Supplied material –
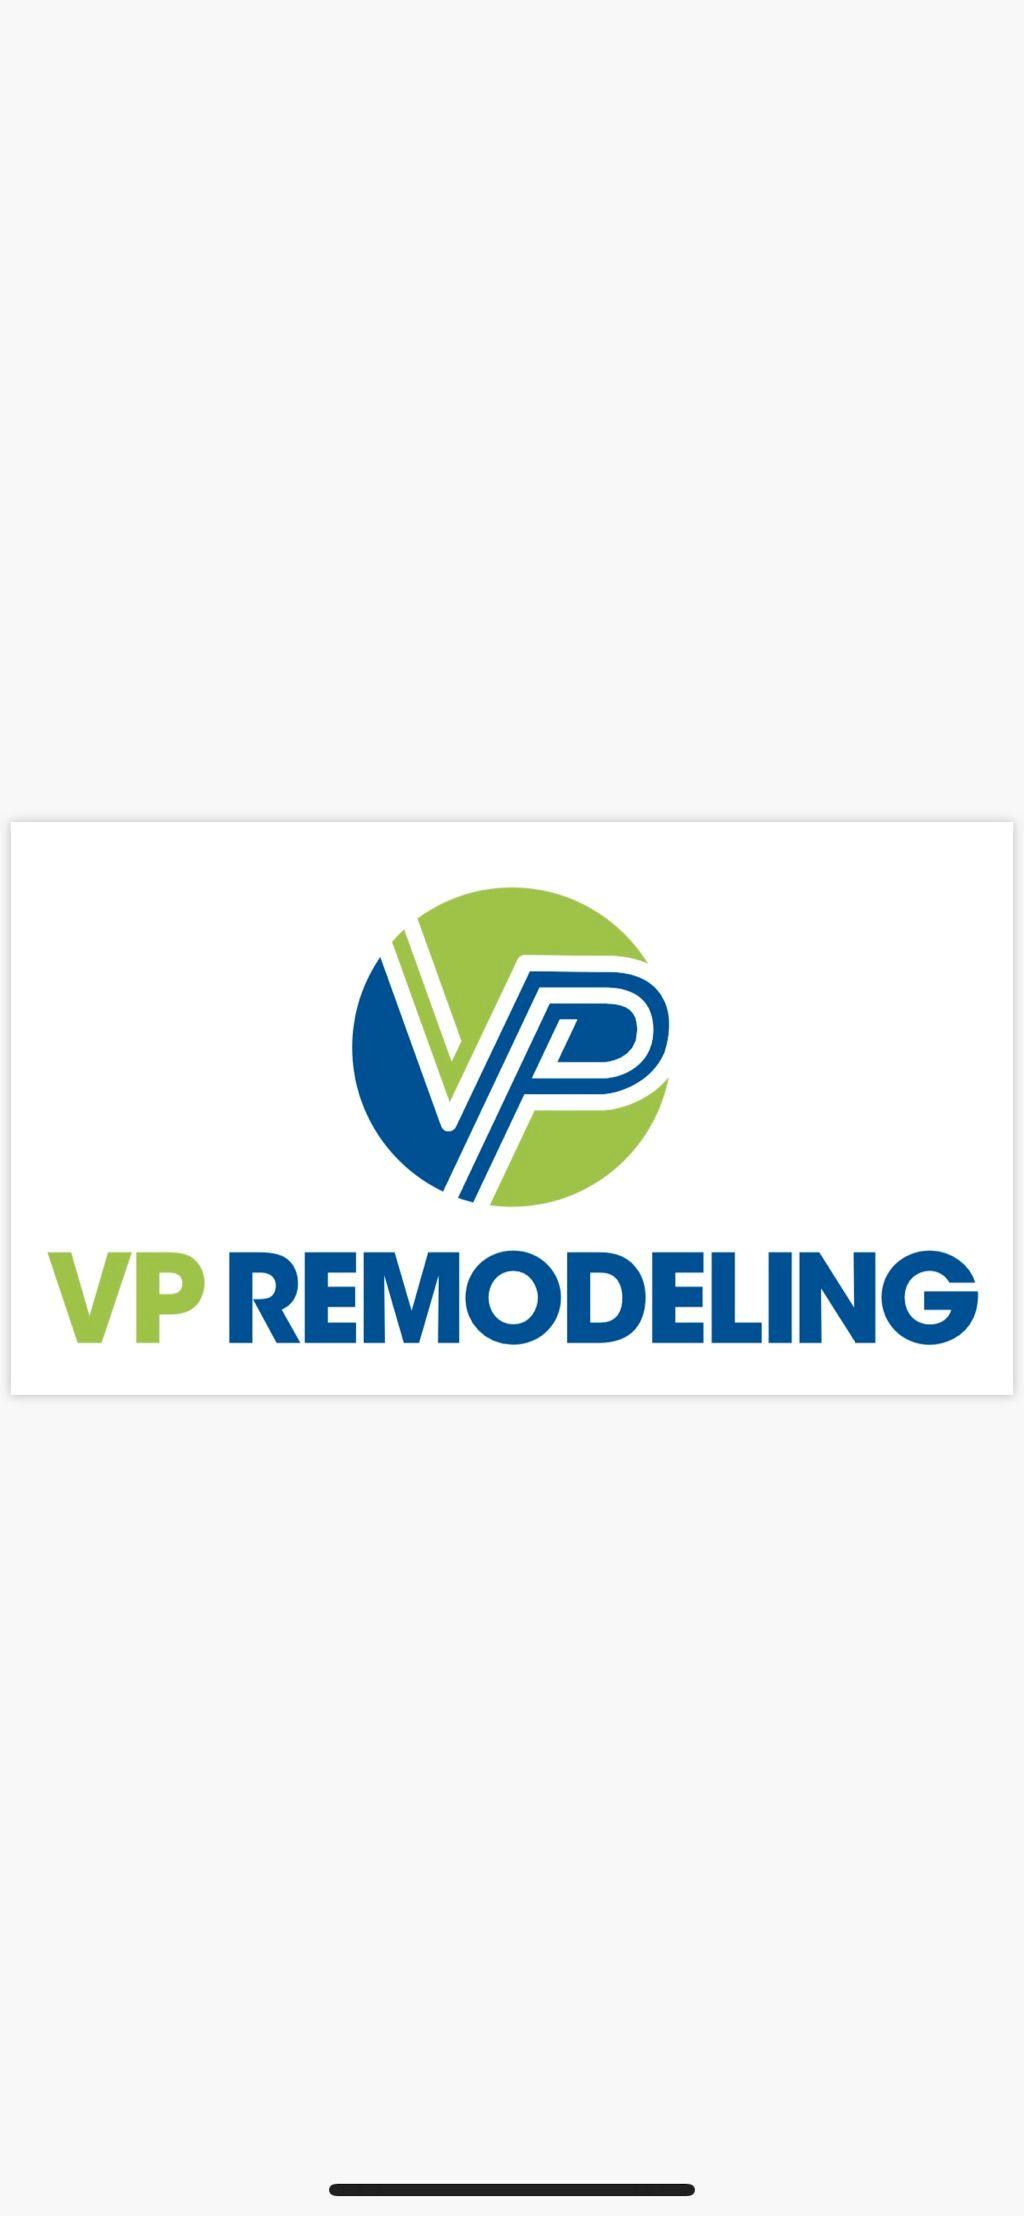 VP Remodeling
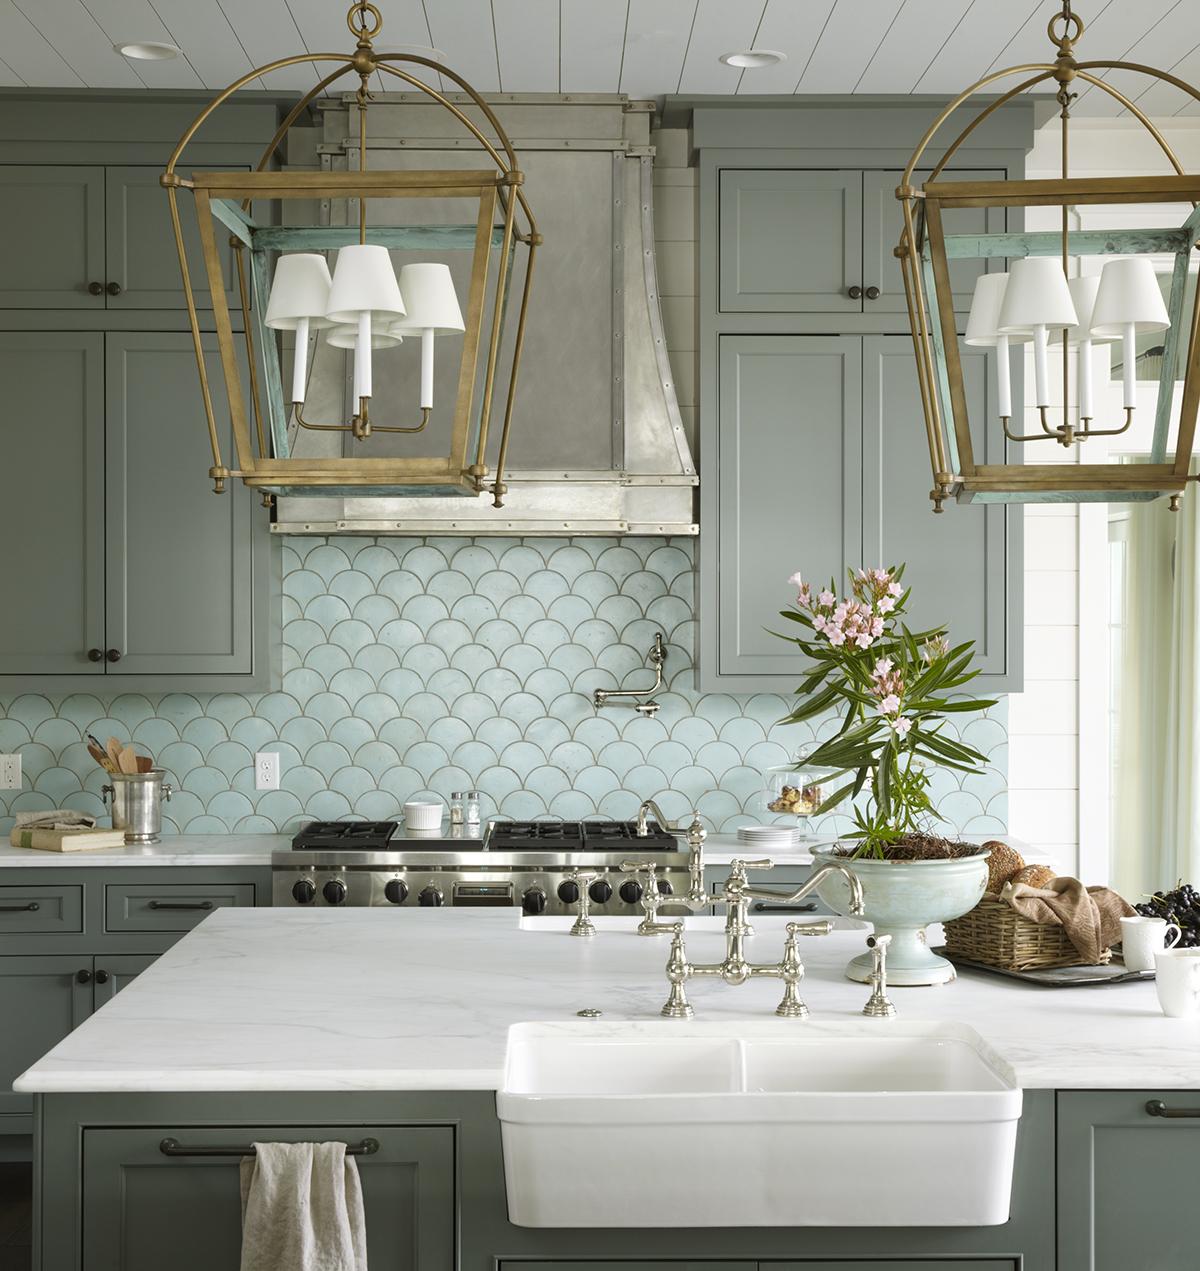 Azulejos Modernos na Cozinha Design Innova #5E4E2D 1200 1271
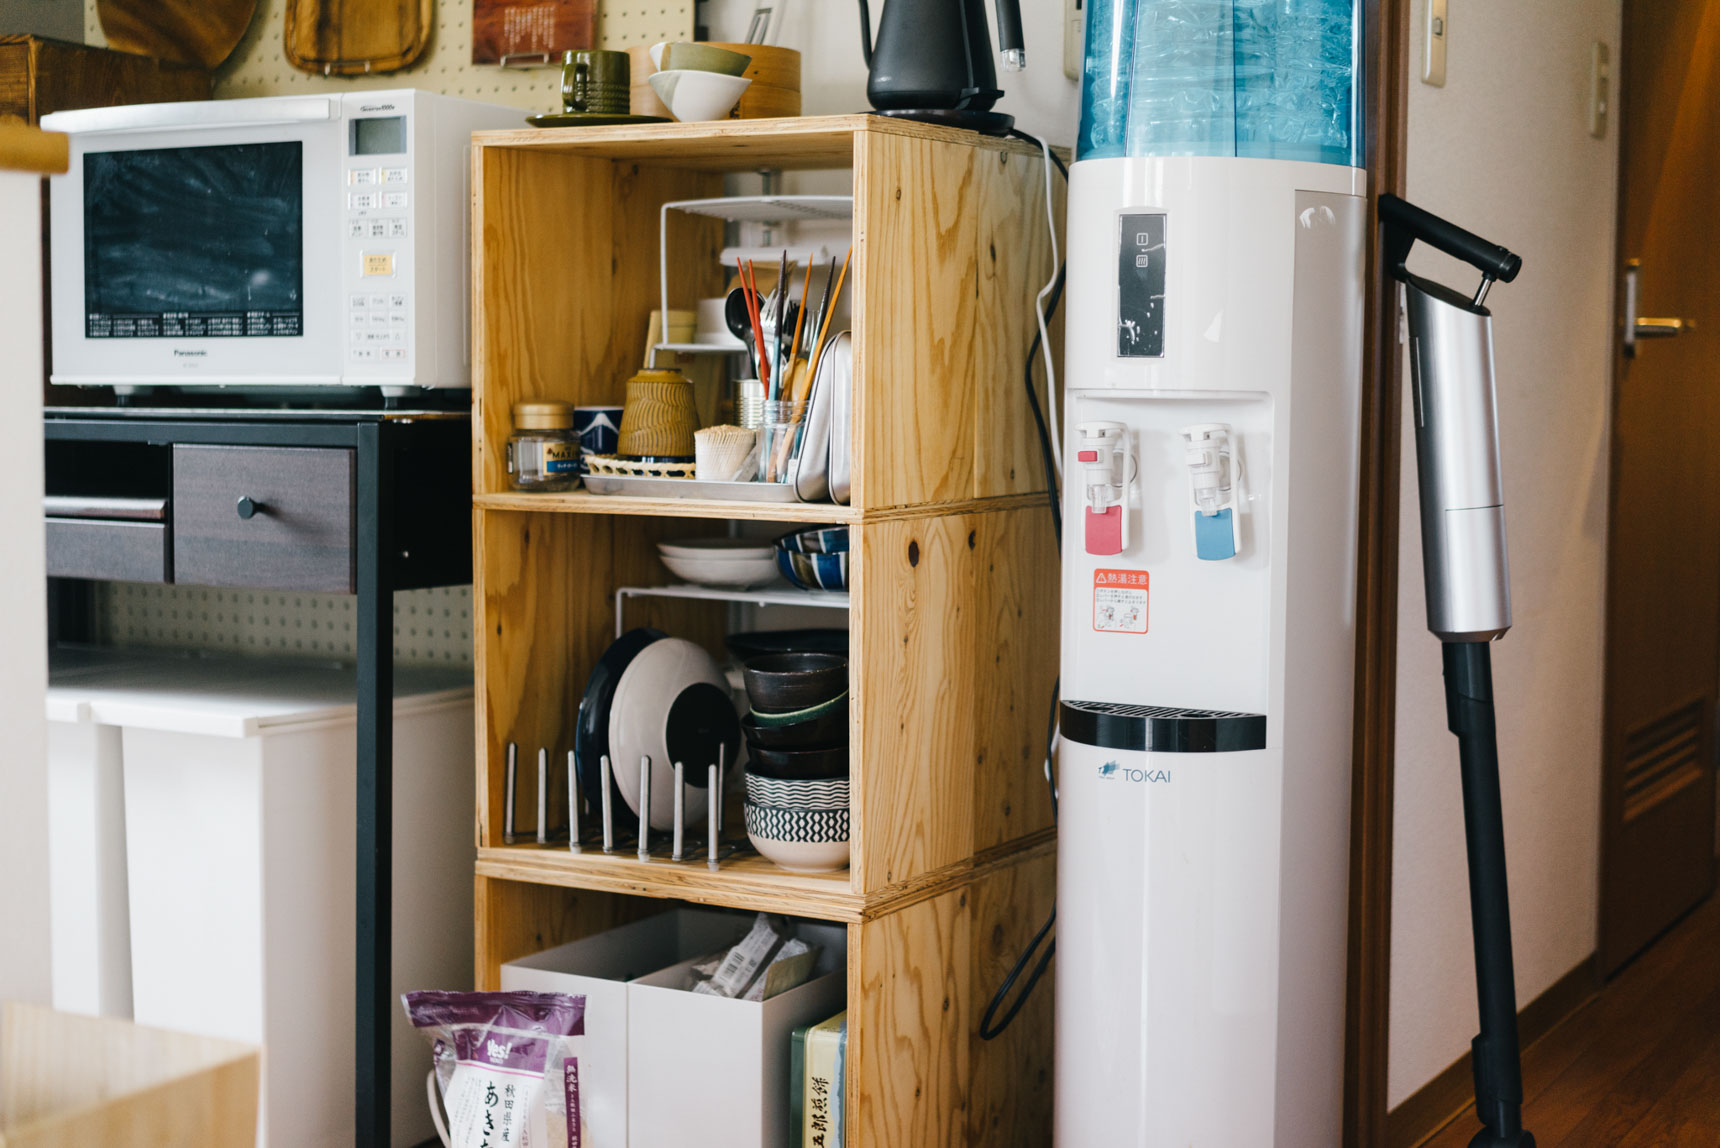 食器は、楽天で購入した積み重ねできる木箱に仕舞われています。

Work to complete – I need the lines from the line containing "Azulejos Modernos na" through the final line of the listing duplicated exactly, both ends included, with no pictures and nothing else.

Answer for this exercise –
 Azulejos Modernos na Cozinha Design Innova #5E4E2D 1200 1271
 食器は、楽天で購入した積み重ねできる木箱に仕舞われています。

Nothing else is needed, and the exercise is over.